··· Data segment

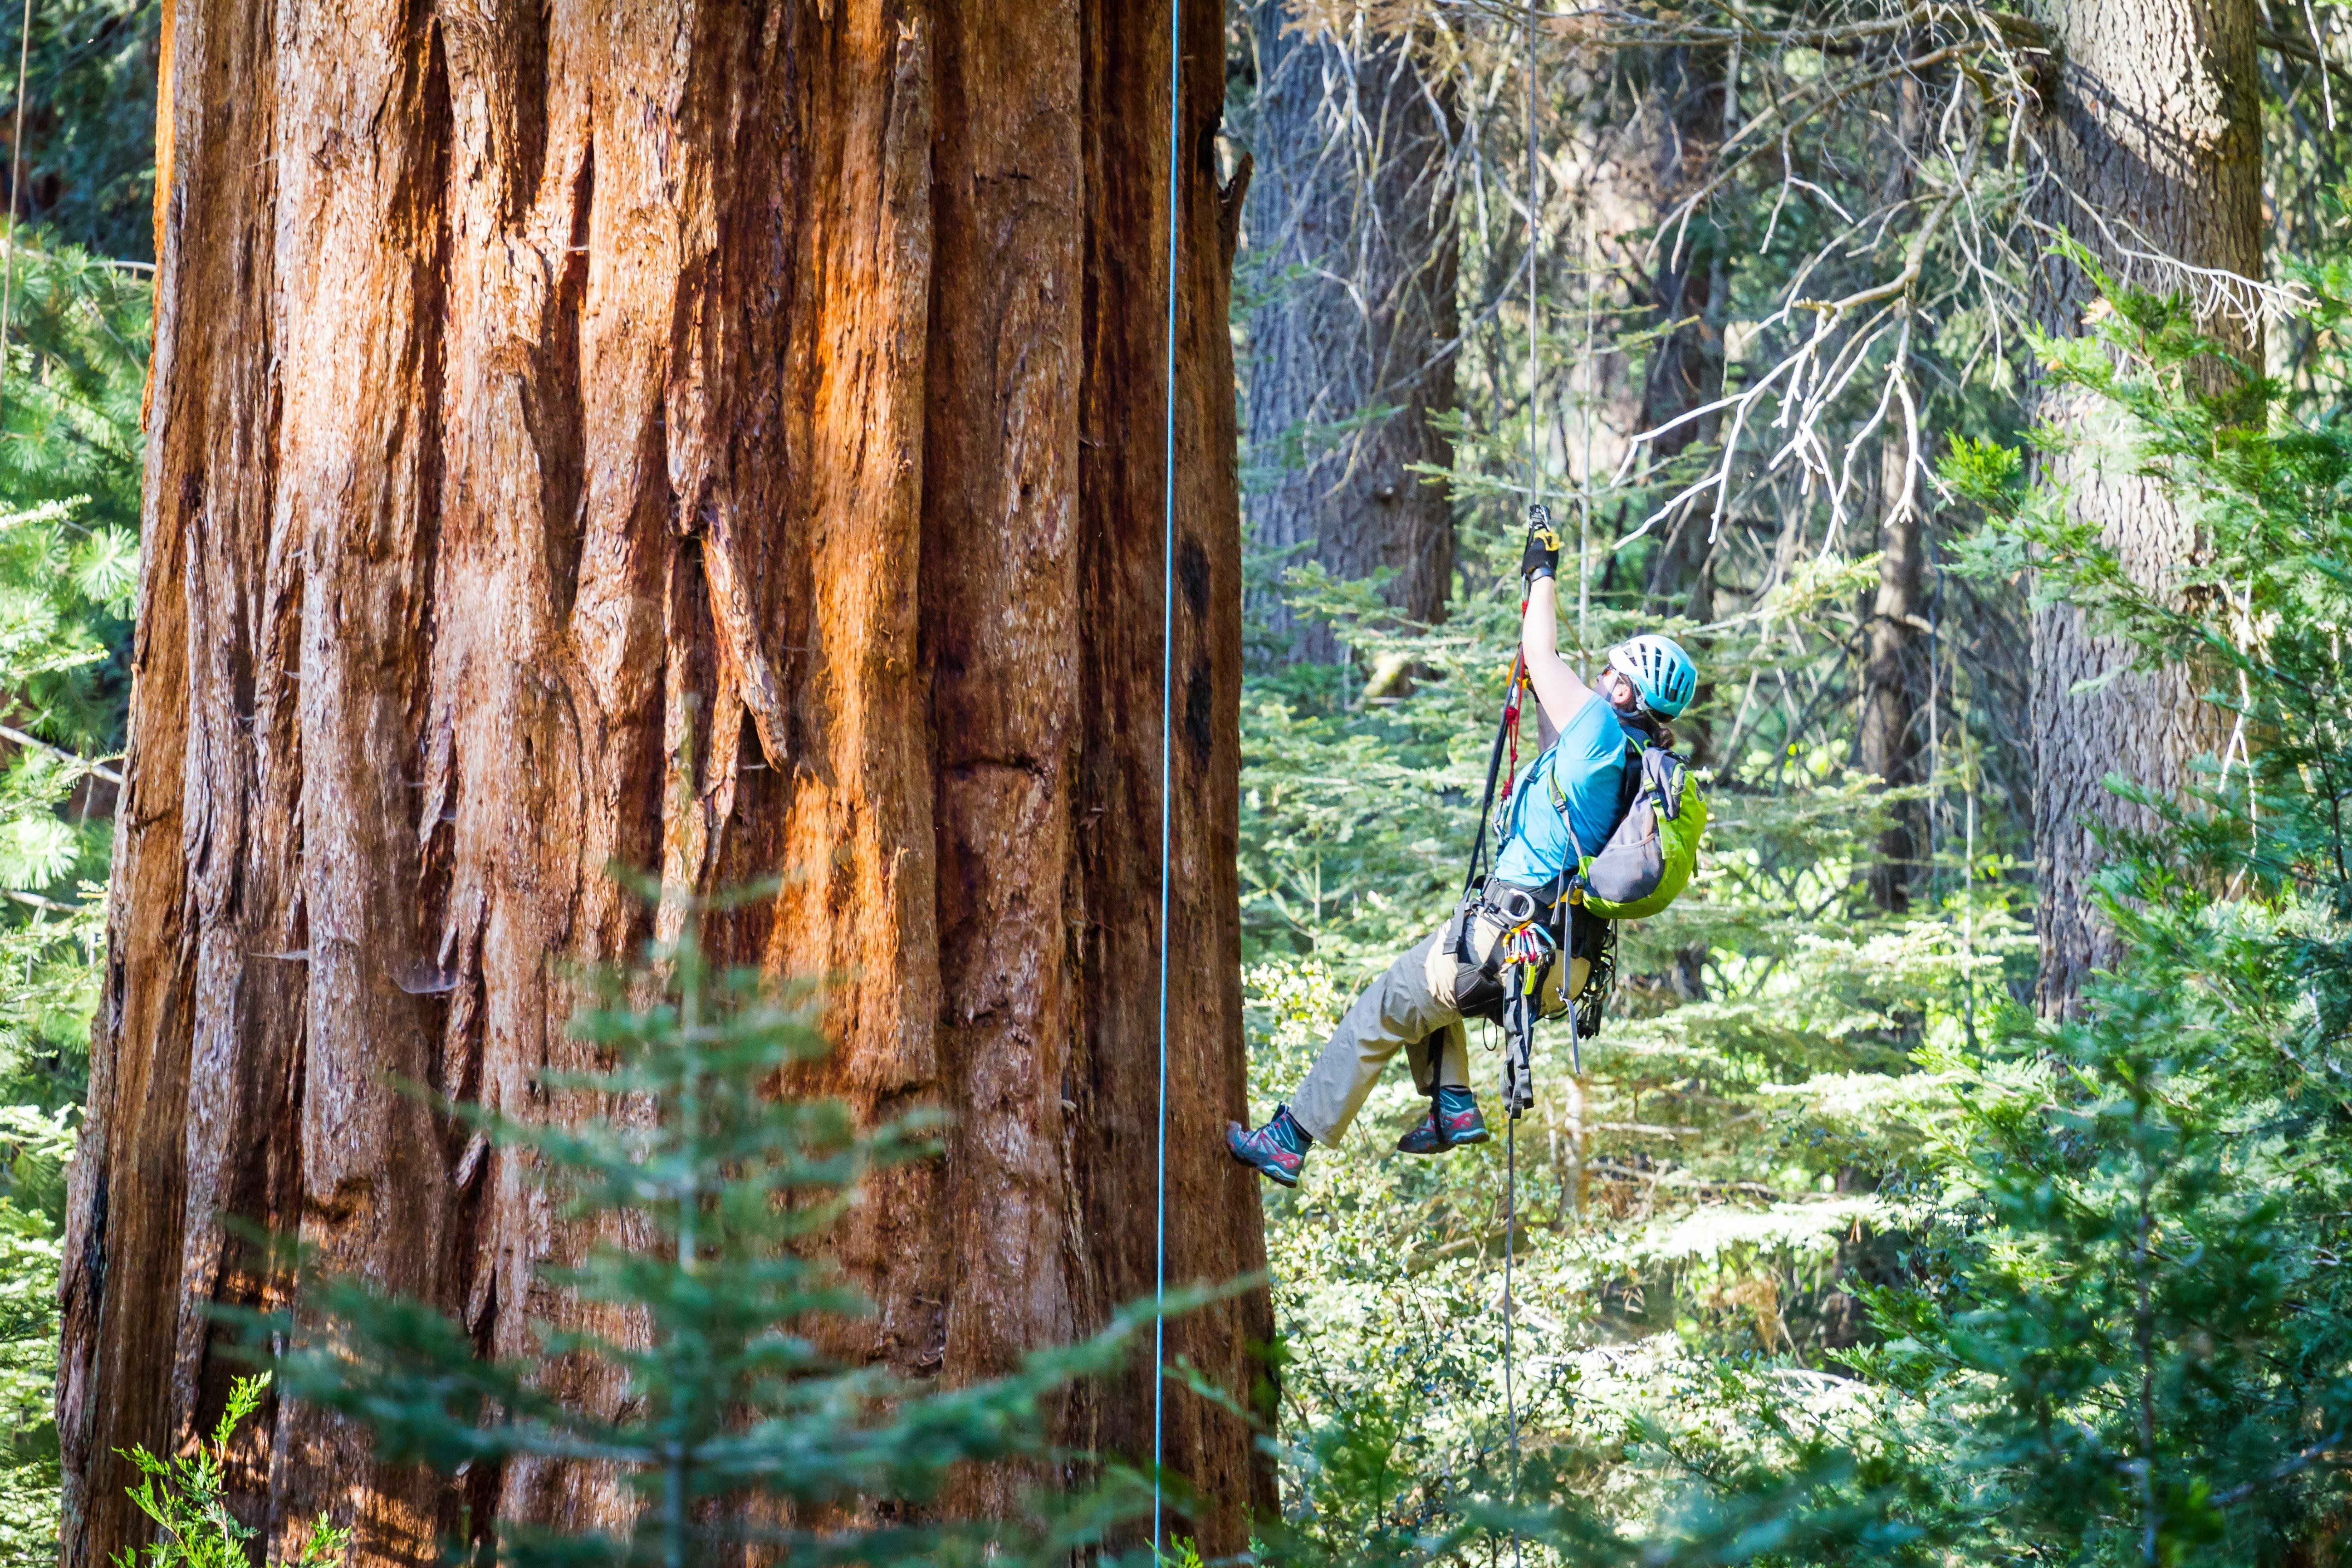 ツリークライミングの達人が選ぶ “難攻不落の巨木” ベスト7 | アーボリスト | 木登り | アドベンチャー
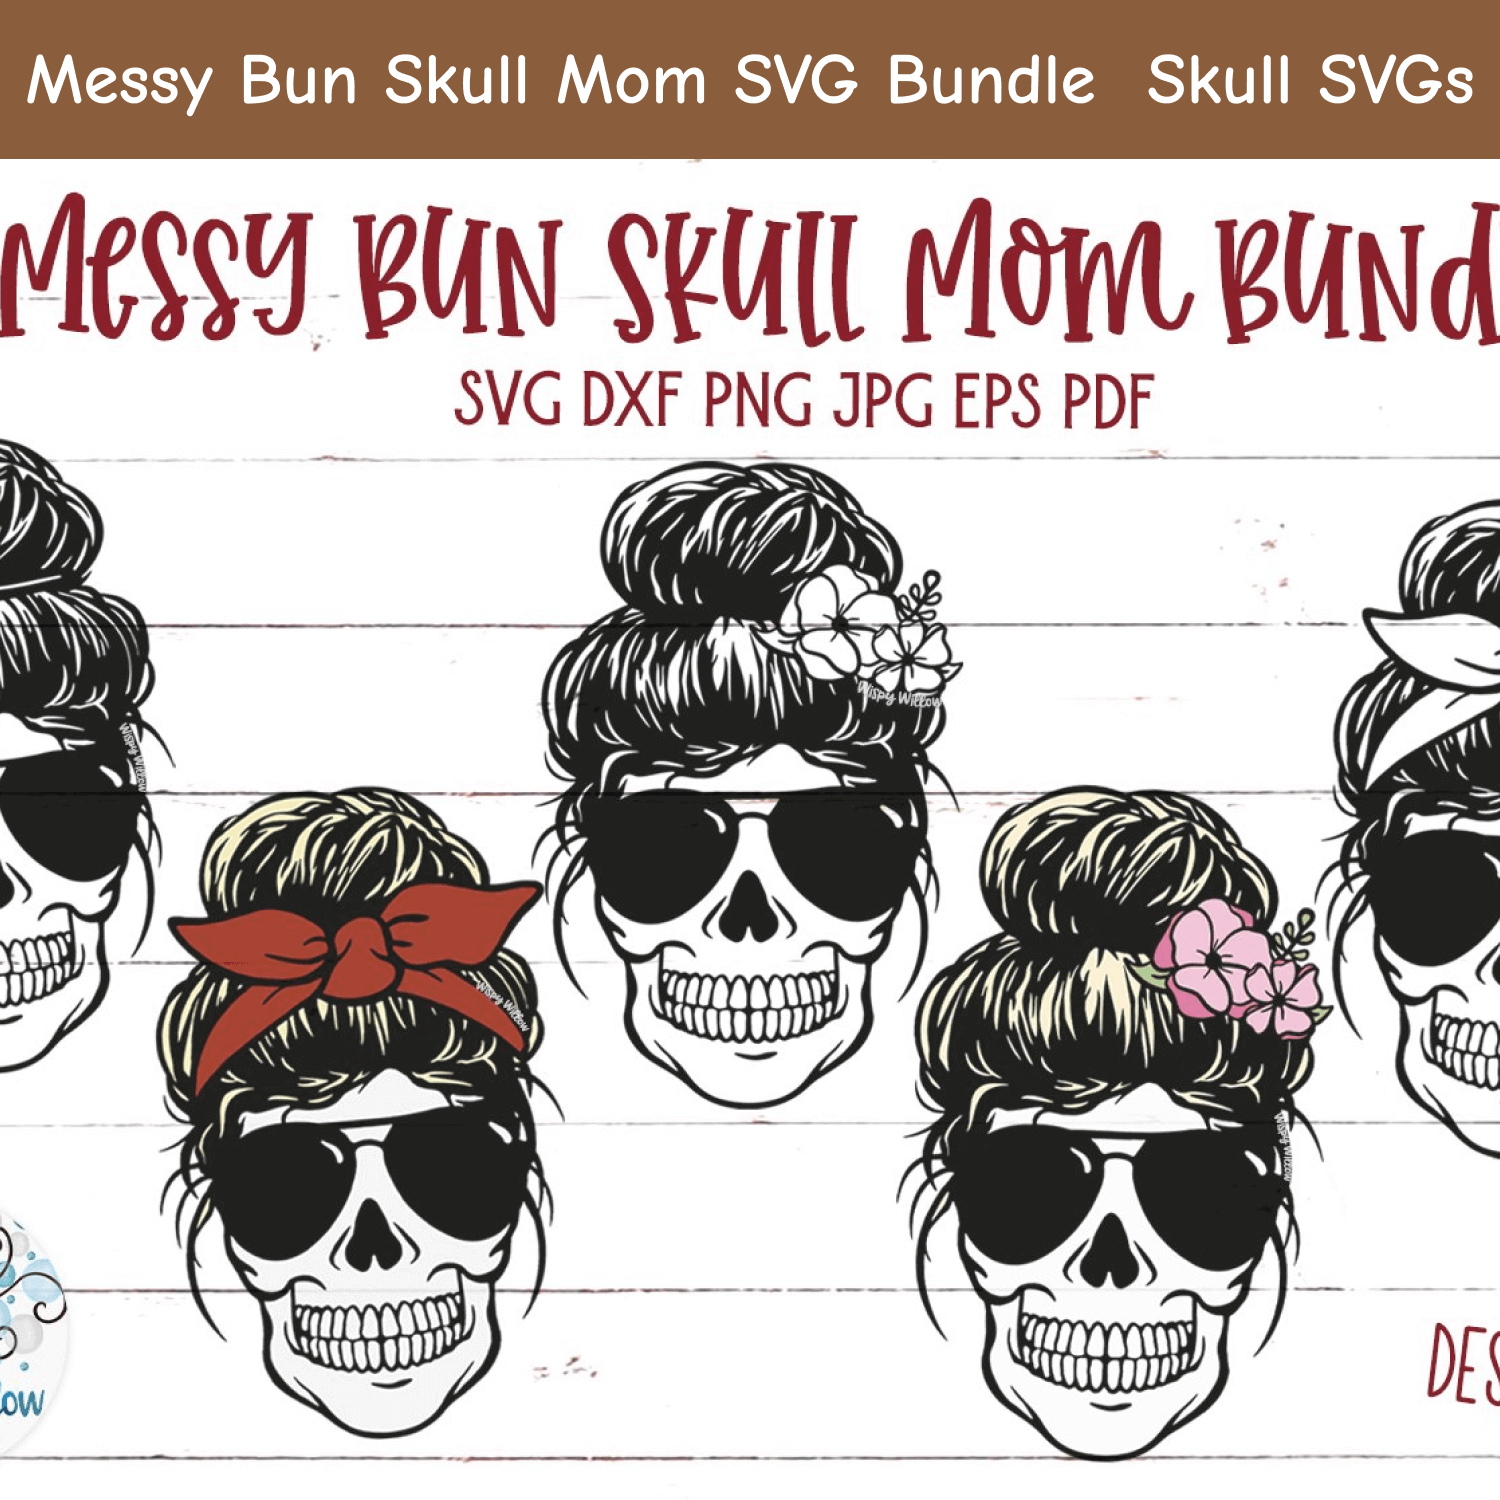 Messy Bun Skull Mom SVG.
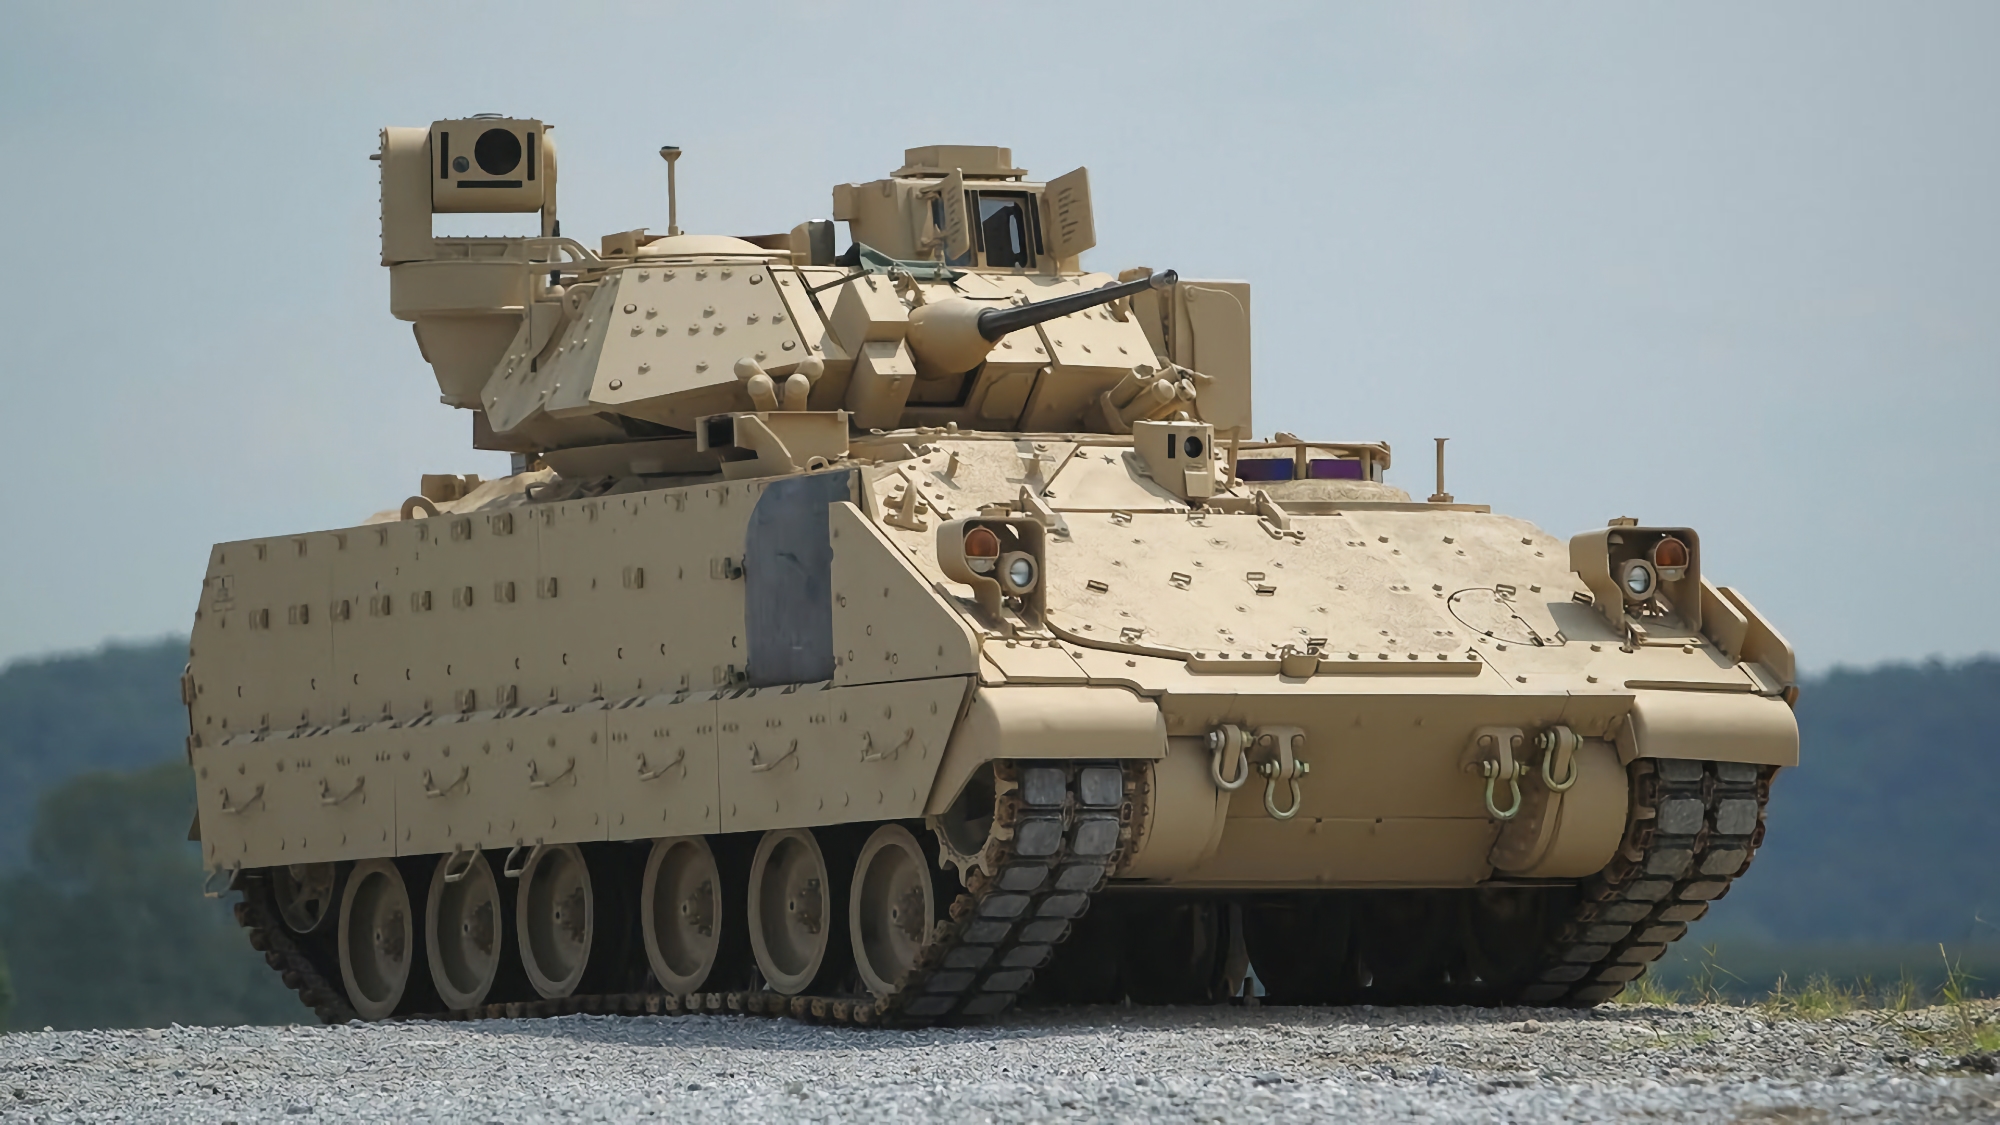 Es ist offiziell: Die USA werden M2 Bradley Schützenpanzer an die Ukraine liefern

······

Starting at the line that holds "Messy Bun Skull Mom SVG.", retype every line through the end of the data, both ends included. Pictures stay out of the copy.

### Output for this task
 Messy Bun Skull Mom SVG.
 Es ist offiziell: Die USA werden M2 Bradley Schützenpanzer an die Ukraine liefern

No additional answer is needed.